Friday, January 15, 2010

The Poverty of Haiti and the Limits of Development

haiti_poverty
A pre-earthquake photo of Port Au Prince.

David Brooks:

This is not a natural disaster story. This is a poverty story. It’s a story about poorly constructed buildings, bad infrastructure and terrible public services.

….

Over the past few decades, the world has spent trillions of dollars to generate growth in the developing world. The countries that have not received much aid, like China, have seen tremendous growth and tremendous poverty reductions. The countries that have received aid, like Haiti, have not.

In the recent anthology “What Works in Development?,” a group of economists try to sort out what we’ve learned. The picture is grim. There are no policy levers that consistently correlate to increased growth. There is nearly zero correlation between how a developing economy does one decade and how it does the next. There is no consistently proven way to reduce corruption. Even improving governing institutions doesn’t seem to produce the expected results.

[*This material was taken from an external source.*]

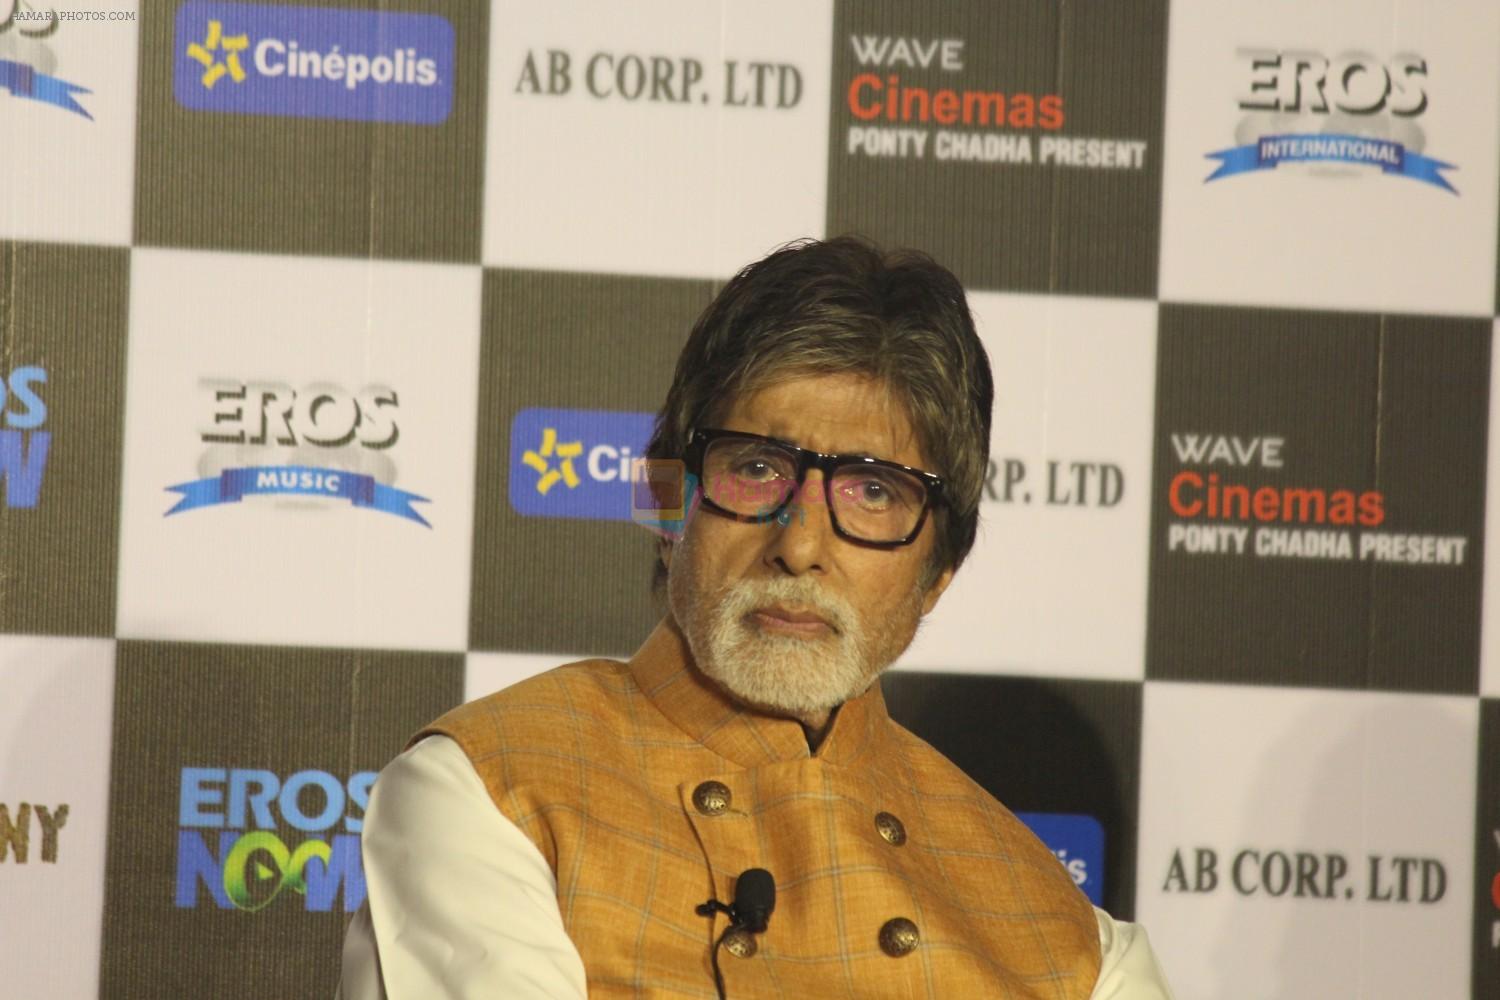 Amitabh Bachchan at the Trailer Launch Of Film Sarkar 3 on 2nd March 2017

The chastened tone of these essays is captured by the economist Abhijit Banerjee: “It is not clear to us that the best way to get growth is to do growth policy of any form. Perhaps making growth happen is ultimately beyond our control.”

Laura Freschi comments:

Also of interest in the article is Brooks’ argument that Haiti’s “progress-resistant” culture is largely to blame for the country’s extreme poverty. This strikes me as overly reductionist (although interesting recent economics research does point to the importance of values like trust in determining prosperity.)  Brooks’ list of rejected explanations include slavery and colonial history, bad government and corruption, foreign invasions,  geography and climate. I wonder what others who have spent time studying, living or working in Haiti think of the relative weight of these explanatory variables.

(HT Don Boudreaux)

1 comment:

thinking said...

I won't get into the subject of the effectiveness of foreign aid, which seems to me to be a complex matter requiring much data collected over time. There is no doubt that aid can be targeted more effectively and that aid is also most effective in a good policy environment.

But for Brooks to use China as the model for "tremendous growth and poverty reductions" among countries not receiving much aid is rather absurd, IMHO. Since when did China, with its authoritarian state and repression of human rights, become an economic model, especially for someone like David Brooks? By Brooks reasoning, I guess totalitarian government really does work.